Lessons to learn – don’t put your eggs all in one basket
ManMohan Sodhi, Professor of Operations and Supply Chain Management discussed the risks involved and lessons to take away. He said:
“The most basic principle of risk management is to not concentrate your risk—like not putting all your eggs in one basket. And do not connect your risks so they build on each other. Yet, in the world of IT, both occur with nearly all eggs, with just one or two companies running centralized operations despite their software being used globally. Now disruptions are affecting a wide range of businesses and operations worldwide—not the first time—all boiling down to a single update of software from a security firm (Crowdstrike) for a single update of Windows. Billions of people across the world will bear the eventual cost.
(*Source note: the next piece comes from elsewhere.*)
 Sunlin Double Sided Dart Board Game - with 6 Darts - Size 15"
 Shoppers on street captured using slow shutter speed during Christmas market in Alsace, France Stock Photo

“Microsoft and Crowdstrike did not coordinate their changes, but who should we blame for all the impact? After all, policymakers are allowing all these eggs in a single basket. Companies are not fully considering the fragility of their IT systems, even with their data backed up, but with all their systems connected for efficiency but not resilience. The big tech firms are better at lobbying Washington than writing software, and Washington lobbies other countries on their behalf.
“What lessons can we learn? Use software from different companies to put your eggs in different baskets. Use public-domain software that can be vetted. Use separate networks and isolated systems for critical operations. The executives in the big tech companies are not compensated for bringing peace and prosperity to this planet, so we need not treat them as new Roman gods. But we will forget these lessons by next Friday."
All comments attributed to the academic experts.